And you know, you've talked about this and and frame this as a way of kind of people making this decision to protect their mental health as a step towards their well being. But oftentimes people are seen as difficult or dramatic or doing too much if they are setting boundaries in this way, What do you think needs to change for us to expand that conversation beyond people being dramatic if they make a decision like this.
What does not even mean for somebody to be dramatic? And again I think that's the thing, like, what does that even mean for someone to be dramatic? How you would handle a situation is not necessarily how I handle
a situation. So being dramatic is open to interpretation, right, And you also have to think about like which a lot of people don't, right, But you also have to think about what's happening on the other end for somebody to have such an adverse reaction to what's going on, if that makes sense, right, So if I'm being dramatic, happening on the other end of that where I'm being dramatic, right, especially if you know that that's not my personality style, or if you don't know me at all, Right, So
I think that's one thing. But I also think, going back to what I was saying before, sometimes people need to know their place and respect a boundary. So a lot of times people will not interfere or speak up until the abuser triangulates them and brings them into a situation. What an abuser warns is an audience. They'll quickly have a lot of people come to defend their honor. And so when you think about children who go no contact, the first thing I said, where is the community? Where's
the community been all this time? So where's where have your grandparents been all the time? Where have ANNs and uncles and people who've actually witnessed the abuse, Where have they been all this time? What have they been doing? Have they interfered and been a safety net for you up until this point? And a lot of times it's no, they haven't been, or oh they always chose to look the other way, or they've said, oh, it's not my business.
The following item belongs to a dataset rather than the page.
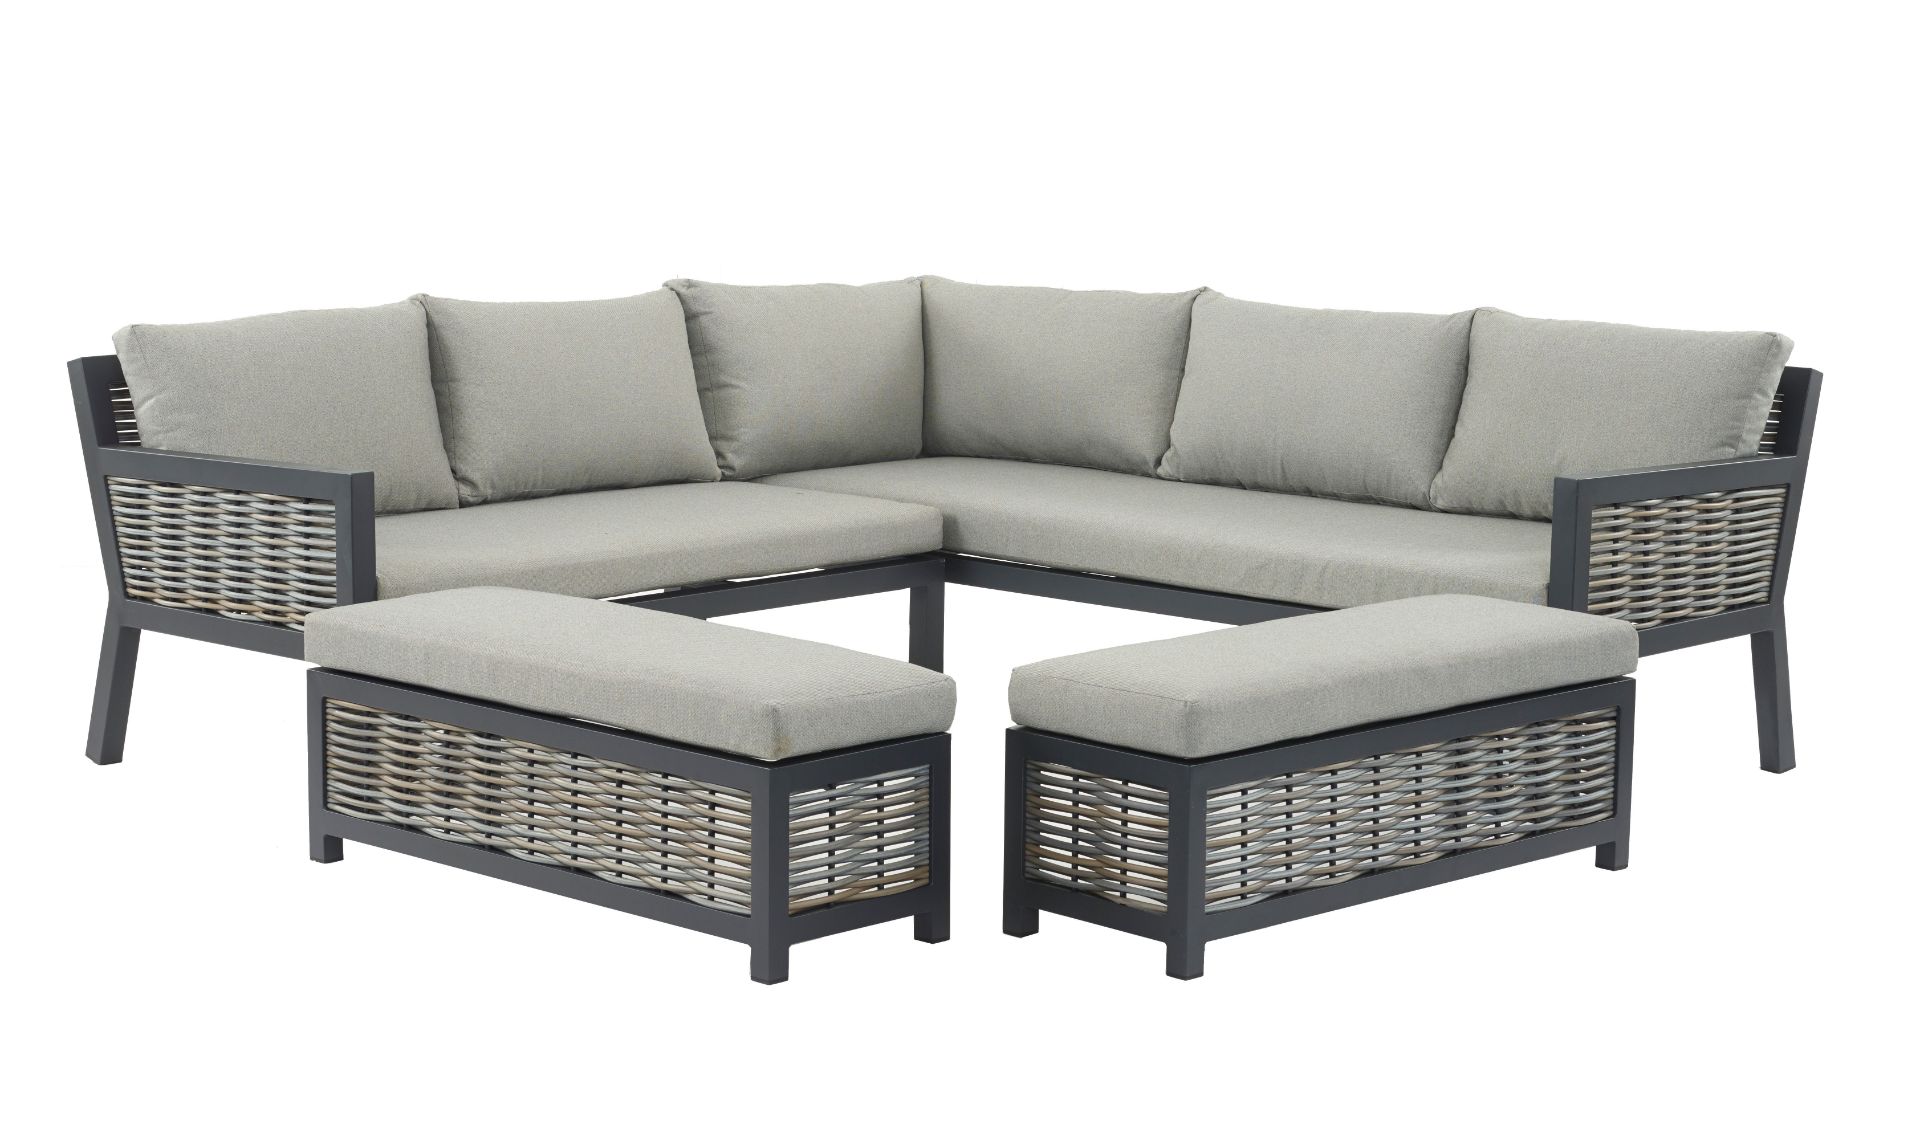 Set A400 Portofino Deluxe Wicker Square Modular Sofa with 2 Benches

But now, all of a sudden, all these people come rushing to the aid of or to the defense of someone who's an abuser. So they're very selective with their help and interventions, and it's all one sided. And again it's very it's mostly geared towards one person, where as you ostracize the other person or keep them out, or it's like you need to just calm down and you need to be more subordinate and get back in your lane.
And so I would say that people, if they're going to intervene or be a safe space, you need to listen and hear with what's really going on and not come in towards the tail end of the story or be swayed by one person on everything, If that makes sense.
Do you think that there's a difference between going no contact with parents versus like a sibling versus like a friend or a former friend. Is there a difference in what the no contact looks like?
Typically, I wouldn't say there's a difference and what no contact looks like. What I would say is is typically more difficult for people to go no contact with their parents because again, it's constantly being hammered. You only get one set of parents, and it's for parents. You do only get one mom, you do only get one dad. So I would say it's harder for them to do that, at least in my experience in working with them, than it is with siblings and with friends. Friends you can
go out and get another one. Siblings, if you have another one, it's usually a little bit easier another one that's supportive or that you at least have a relationship with. But parents that's a little bit more finite for people, and so once you're.
Done with them and those are all you have, what does as a clinician supporting somebody through the grief process of going no contact look like, Because even though it may have been an abusive situation, not a great situation, it is the situation that you had, and there is of course still typically some grief related to having to cut off that relationship. So what does that really like to support somebody after the decision?
Yeah, So I think it's important to educate people on what no contact is. So there's a lot of education around what it is and what it isn't. Right, there's a difference between no contact and low contact, but also educating a person on why they would do certain things. So people need to be fully educated and informed, and so I think there's that. There is also making sure that a person is ready to do that. So again,
it's a finite situation. It isn't you stick your toe in the pool and then you come back, and then you stick your toe in the pool again and then you come back. It really should be more of a this is a final decision. I'm okay, I'm at peace with it, and so understanding what that means. And so what I have done when people have started to talk about that is to advise people like, Okay, well you
want to be sure to do that. And part of the ways in which you want to be sure to do that is maybe you do want to take a break from your parents, because it's easier to say I'm going to take a break as opposed to I'm going no contact, So maybe you might want to take an extended break is see what your life is like without that parent first before you commit to something that should
be a permanent decision. And so people do that, but then we also go through the grieving process of what that means, because a lot of times going contact is really like grieving two deaths and one person. So is grieving for the parent that you actually hope you could have and the parent you actually do have that is physically still here on earth right And a lot of times the grief is harder for the parent that you wish for, that you longed for, that you hope that
they would magically turn into one day. And so a lot of times that's hard for people is to like process the death of what could never be and what will never be, as opposed to what is, and so we work through ways of doing that and then we move through that, and sometimes that's typically the longest part, is grieving the death of what will never be. And then of course you get to that place of acceptance.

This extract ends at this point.